The ceiling was dizzyingly high now, lined either side with statues whose faces he could barely see. He had once lain on their heads, and now he stood only as tall as their toes.
He started running. Dust kicked up around him, and he wondered how long it had remained there, untouched. There were no tracks of Sharachus in it, but that didn't mean anything. Sharachus was a Spider and could have webbed his way from statue to statue. He called out as he went, but got no response.
Finally, the cavern came to an end at the most imposing statue yet. It would have soared over the Grammaton two or three times, and Avia must have known the impact it would have on him.
It was Saint Ignifer.
Sen couldn't make out his face, but his posture, the spikes in his hands and his armor, matched exactly what he'd always imagined. A thrill ran through him and he felt as though he ought to drop to his knees. This was the Saint whose sacrifice saved the world; who wasn't even real.

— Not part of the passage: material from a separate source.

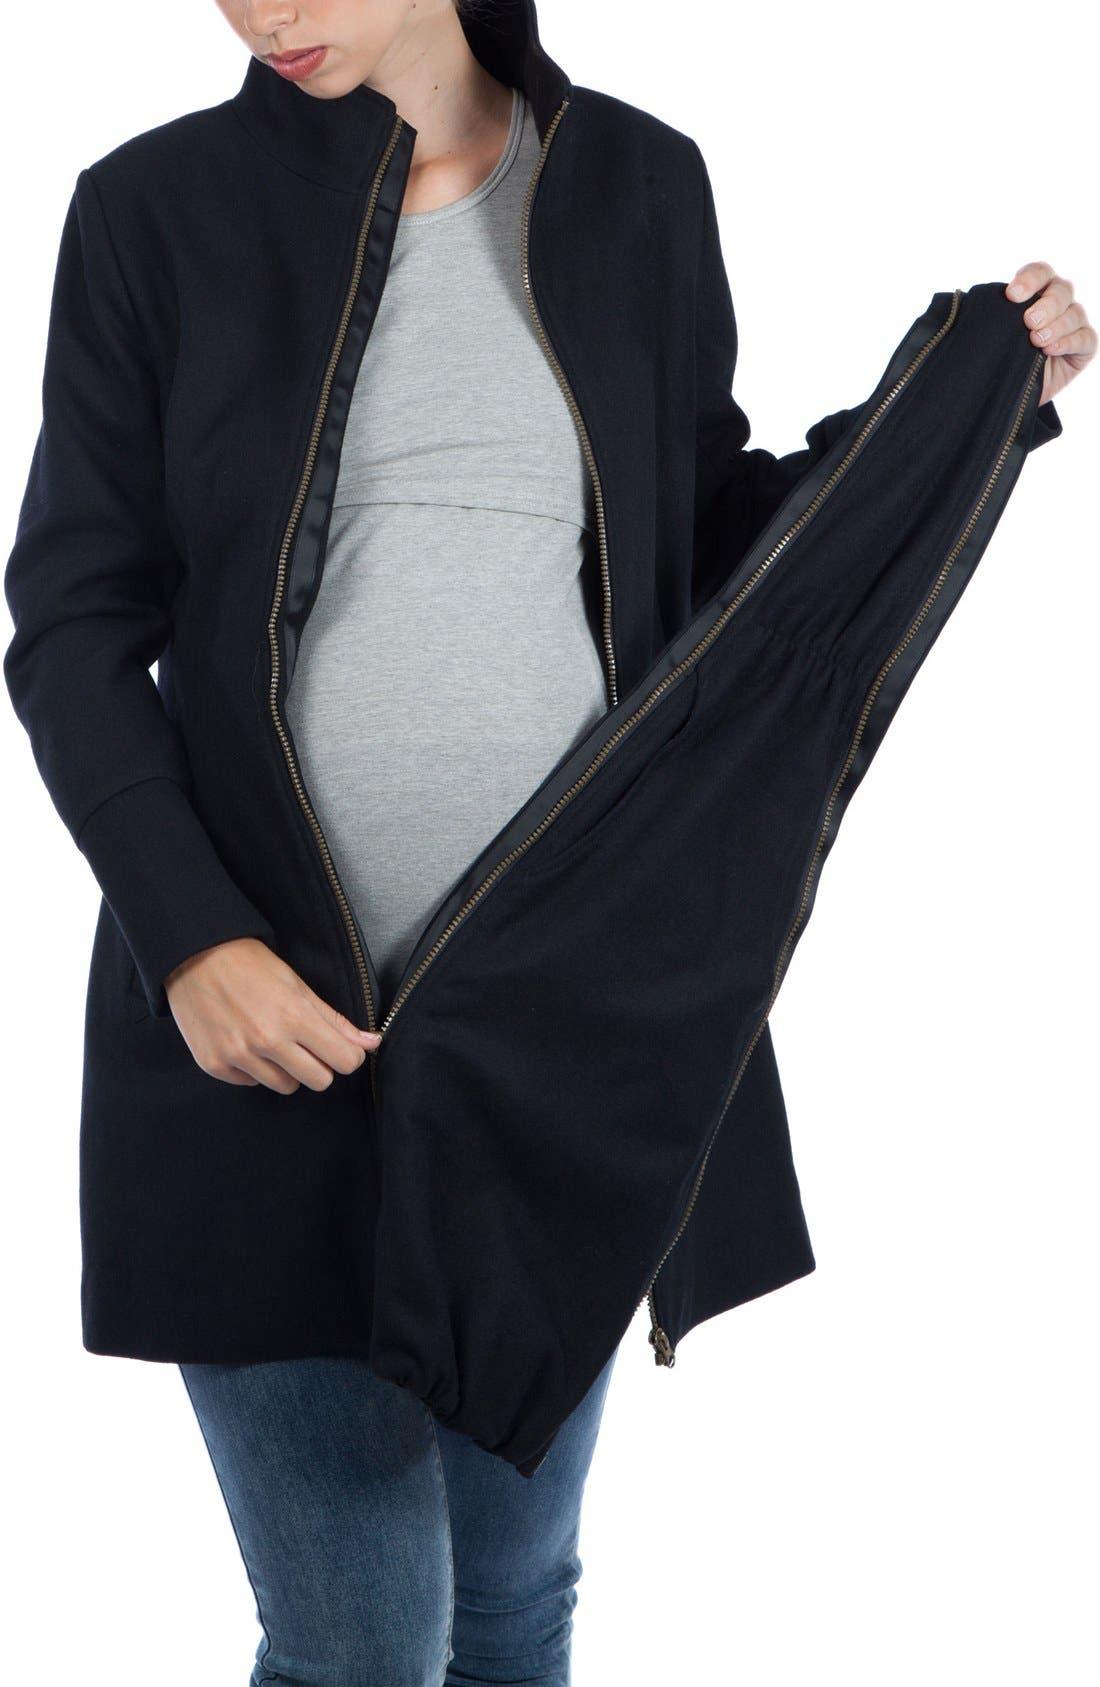 Convertible 3-in-1 Maternity/Nursing Coat,                             Alternate thumbnail 12, color,                             BLACK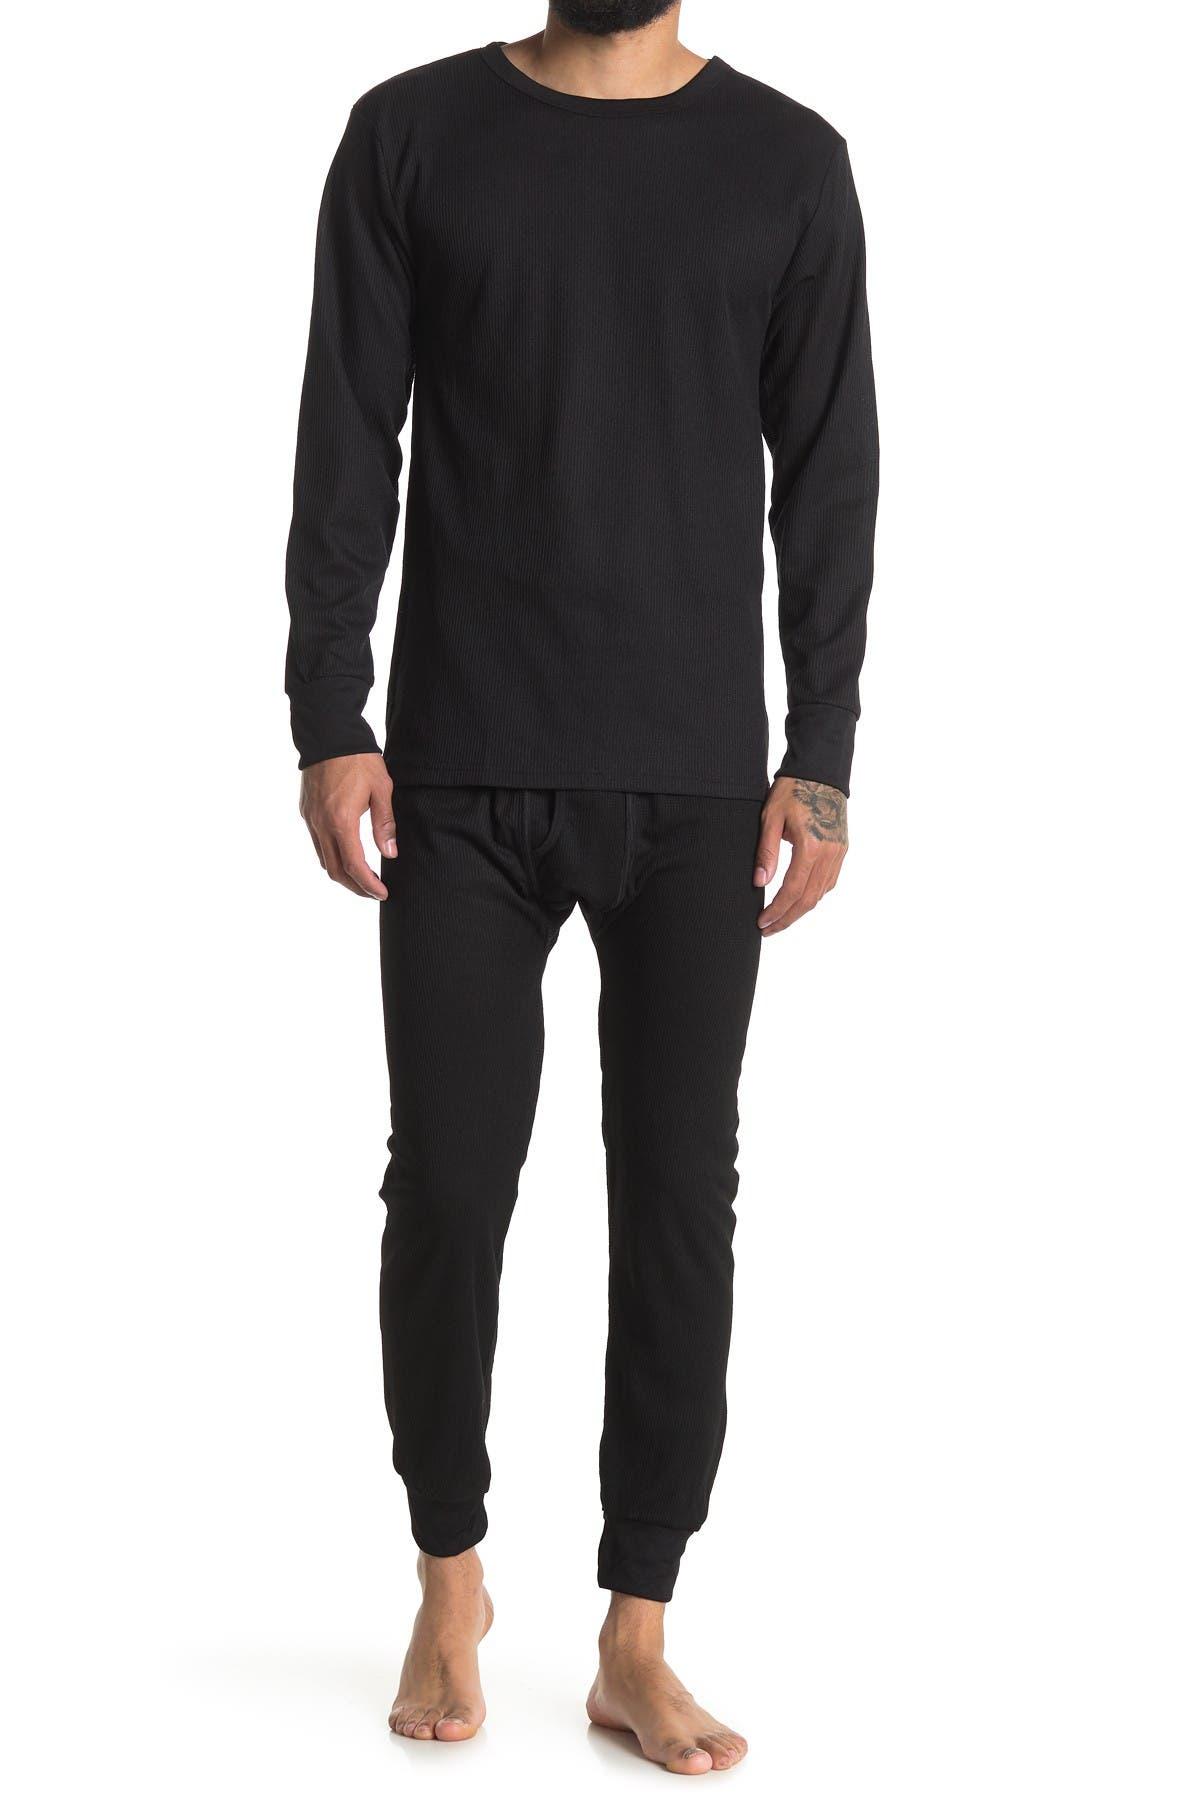 Image of Northern Exposure Thermal Shirt & Pants 2-Piece Pajama Set

There was no clear way through though, no entrance or dark tunnel beckoning on, so he put his hands on the ridge of the Saint's toe and began to climb. It was easy enough going, even simpler than the cathedral tower. The creases in the Saint's armor functioned like angled chutes he could work his way up, zigzagging from one to the next. On the Saint's shoulder he rested for a time, then took hold of one of the thick pillars of hair and climbed to his head.